Mitigations: - JWT expiry corta (15 min recomendado, refresh token con longer expiry) - Token revocation list (Redis or DB) - IP/User-Agent binding (detect anomalies) - Logout invalidates server-side - 2FA via IdP (Auth0/Okta provee)

Residual risk: Low si JWT expiry corta + revocation list activo.

T1.3: Webhook spoofing¶

Threat: Attacker envía fake webhook a POST /v2/messages/{name}/correlate para inject events maliciosos.

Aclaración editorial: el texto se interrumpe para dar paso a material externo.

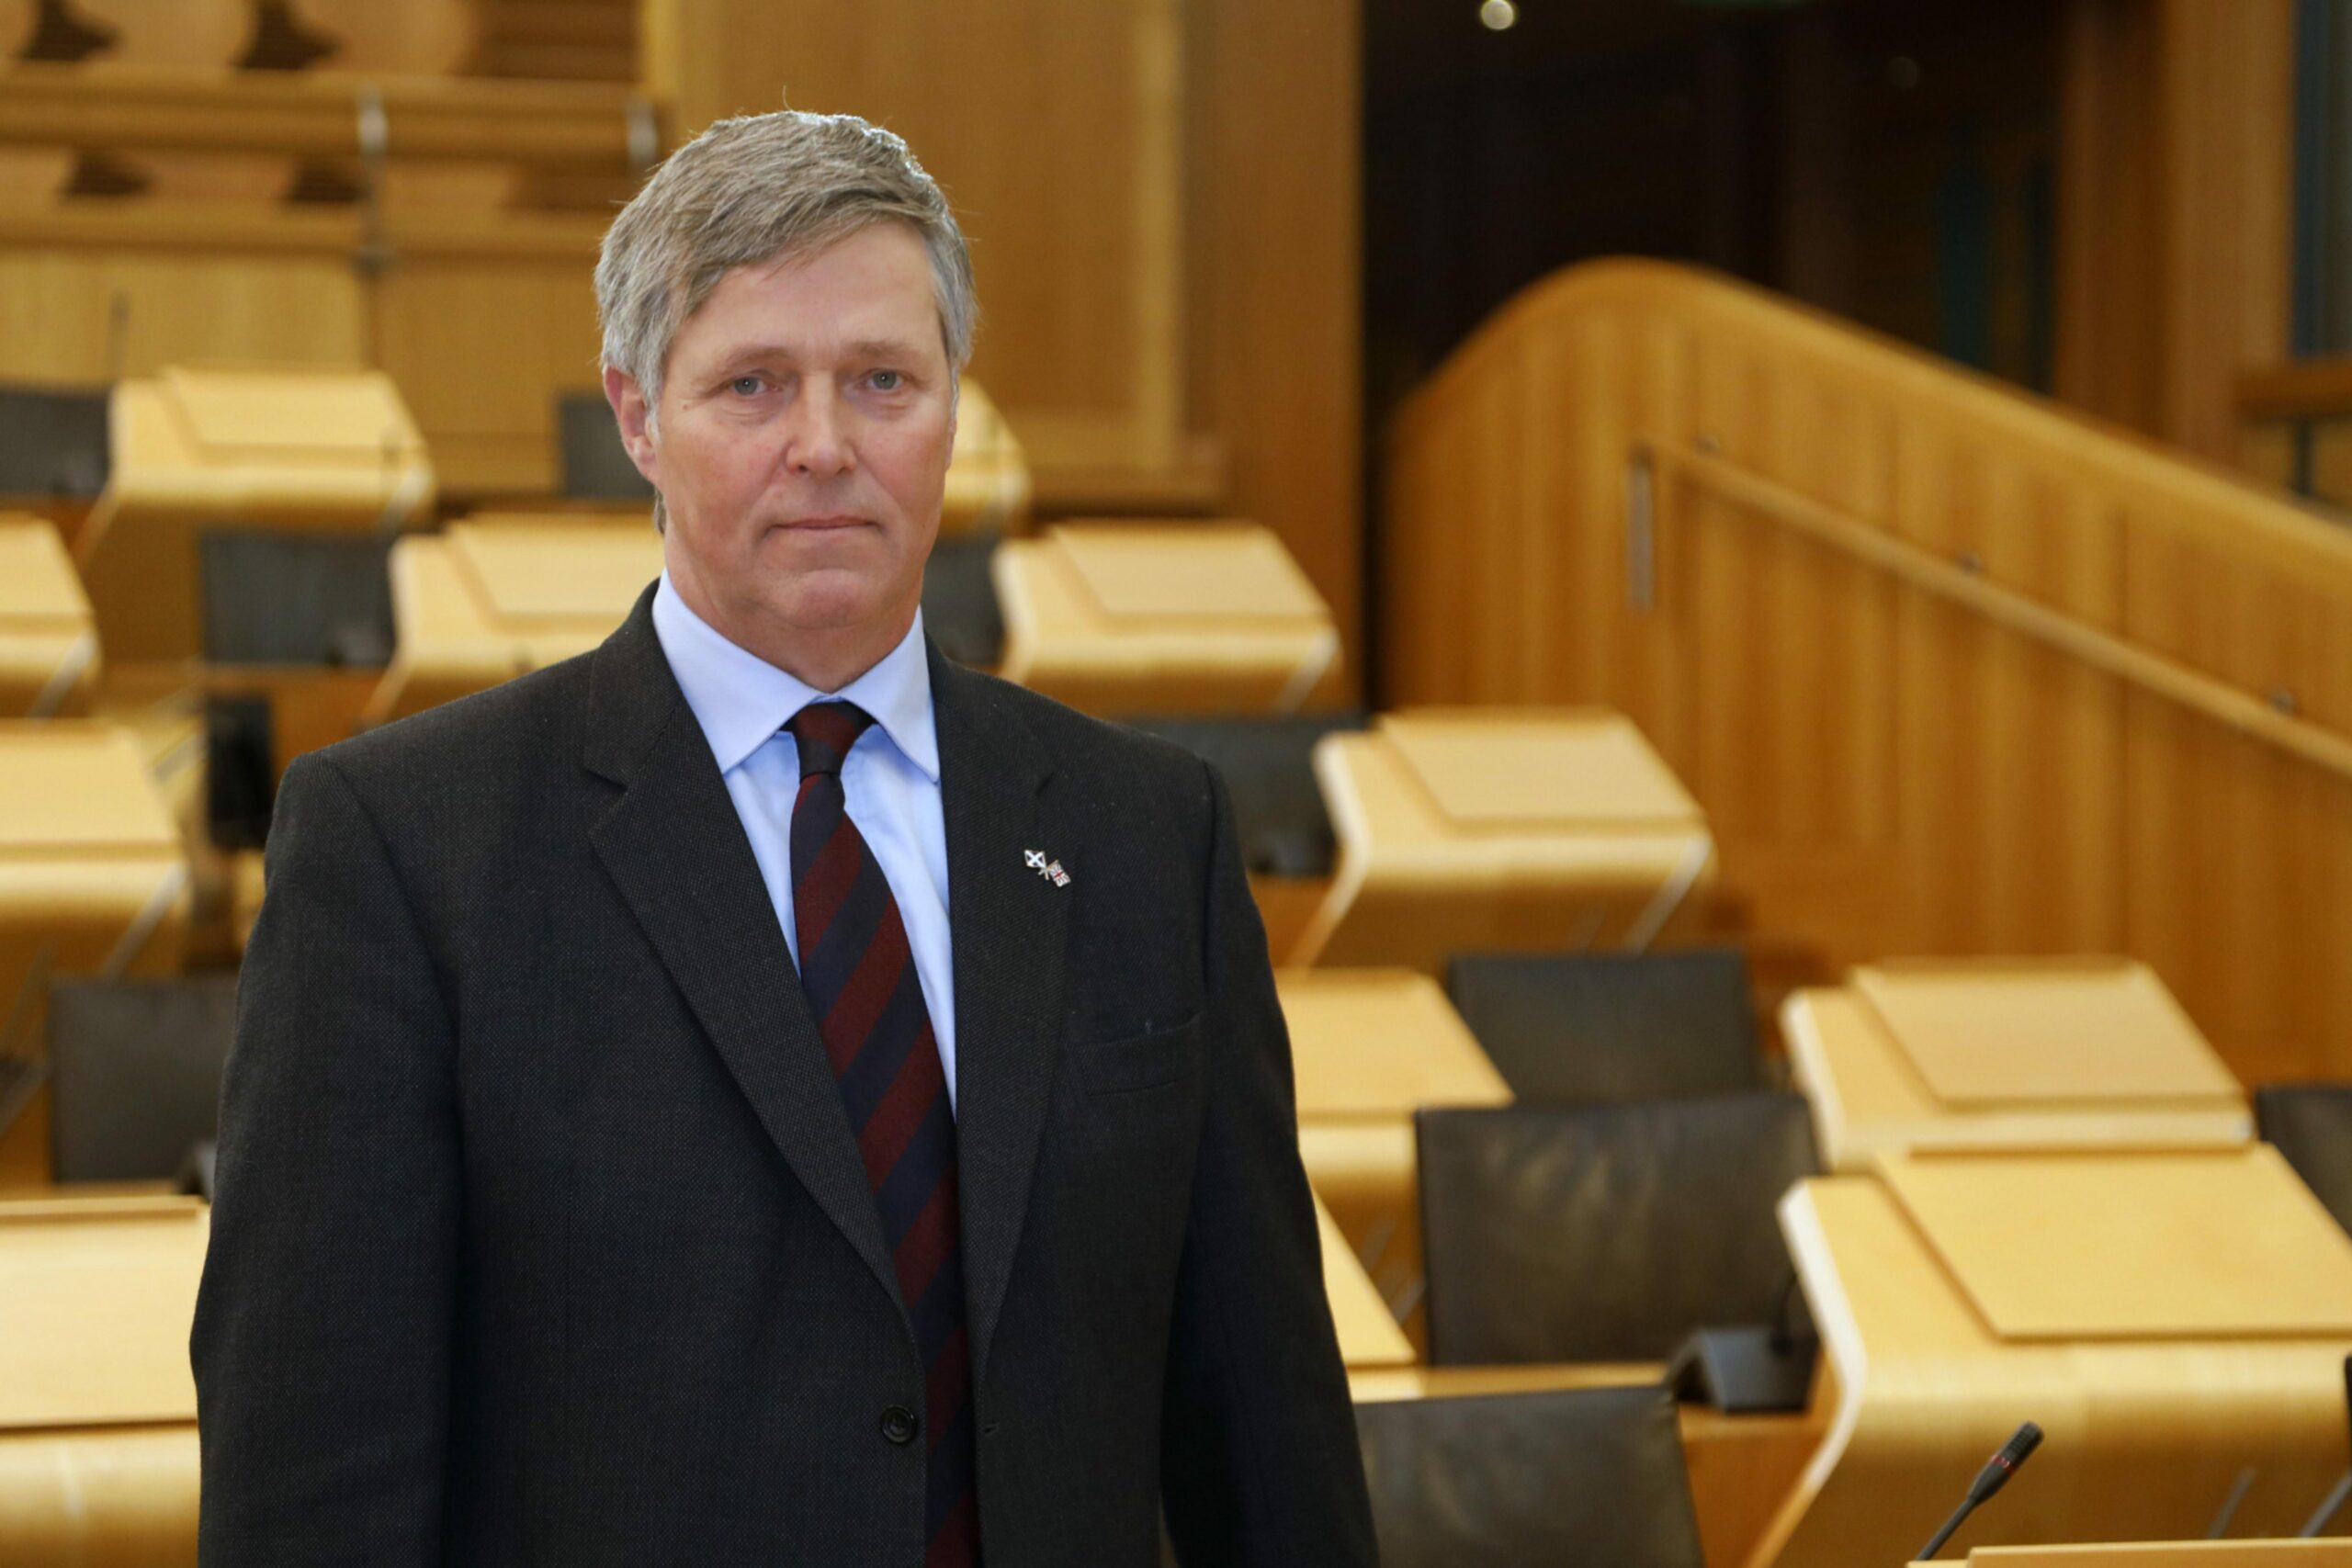 Edward Mountain has urged NHS Highland to speed up treatment times for breast cancer patients. Image: Andrew Cowan/ Scottish Parliament
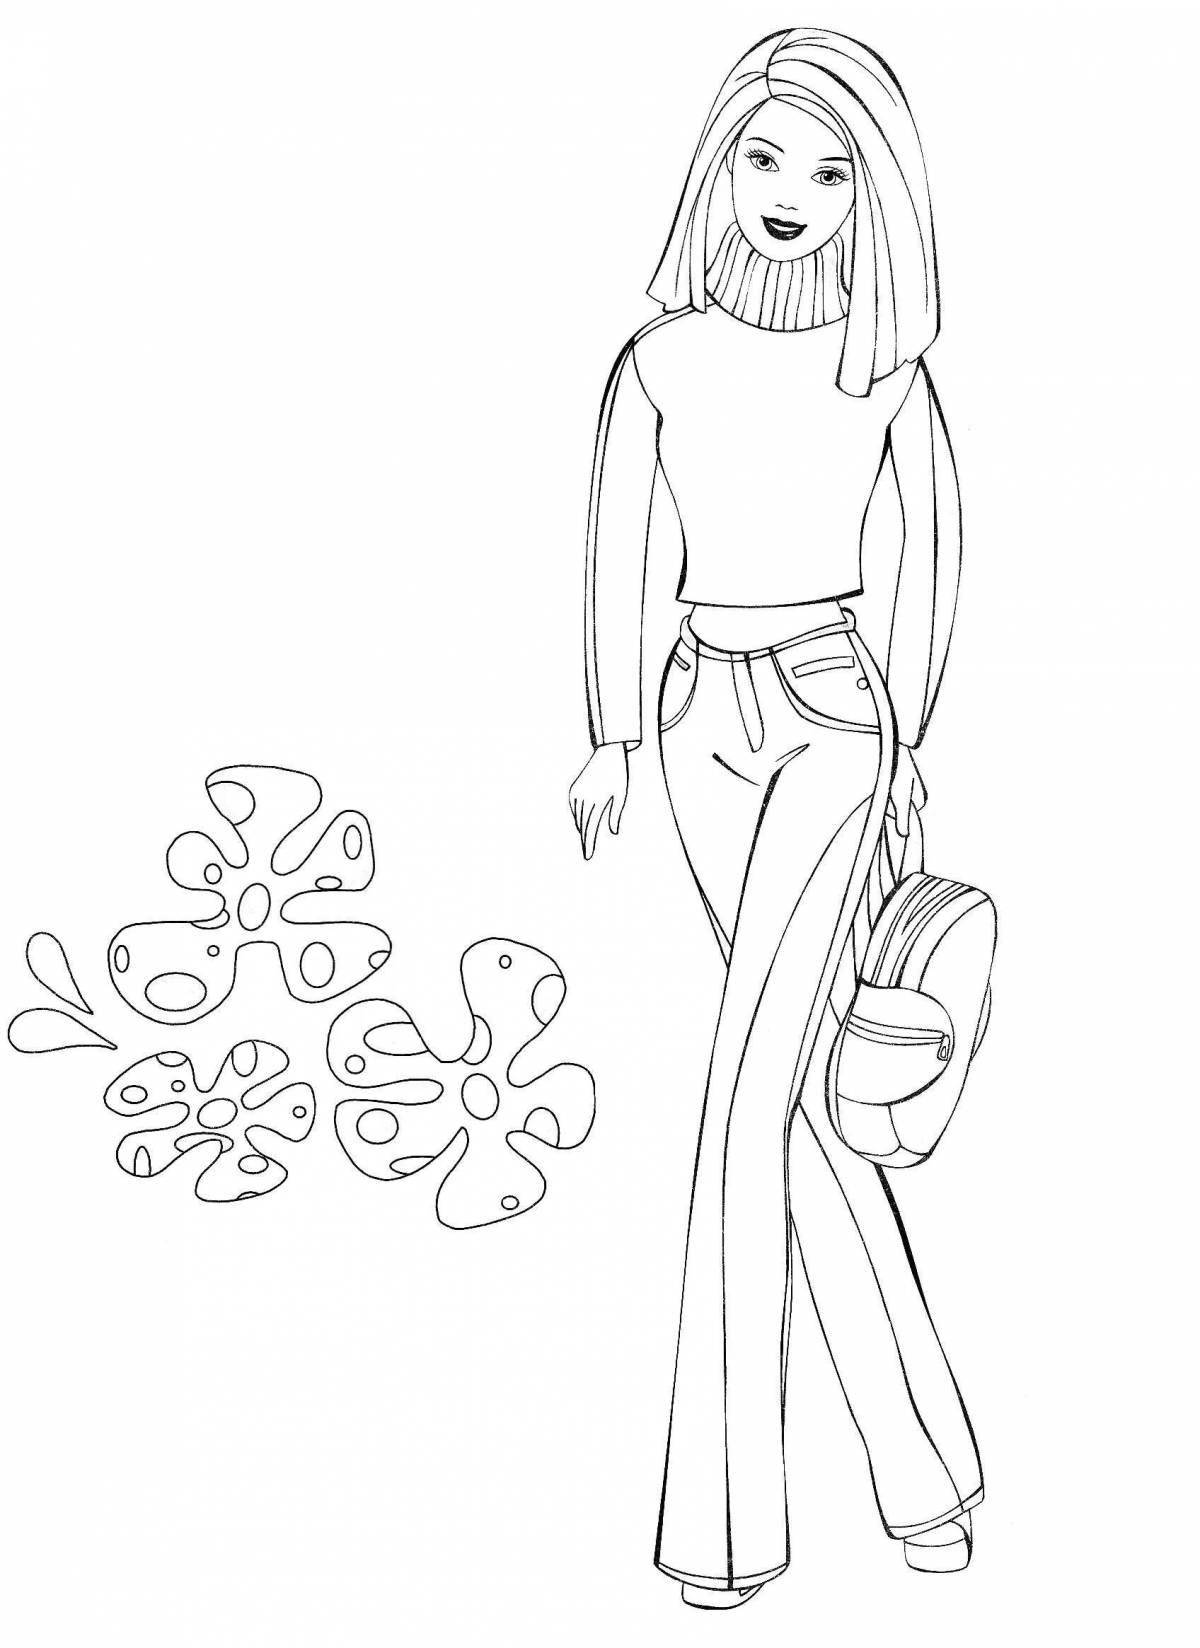 Elegant outfits for coloring barbie

Mitigations: - API authentication required (no public webhooks) - HMAC signing si webhook from external system: validate signature - Correlation key validation (no arbitrary values) - Rate limit per source

Residual risk: Medium si user expose webhooks publicly without HMAC.

T - Tampering (modification)¶

T2.1: BPMN model tampering during deployment¶

Threat: Attacker uploads malicious BPMN que ejecuta arbitrary code or exfiltrates data via expressions.

Mitigations: - BPMN XML strict validation (XSD + semantic) - Expression engine sandbox (CEL es non-Turing-complete, no I/O) - NO custom function definitions - Expression evaluation timeout (1 second) - Permission check: only admin role can deploy - Audit log of all deployments - Diff review process (deploy → review → activate)

Residual risk: Low si CEL strict + admin-only deploy.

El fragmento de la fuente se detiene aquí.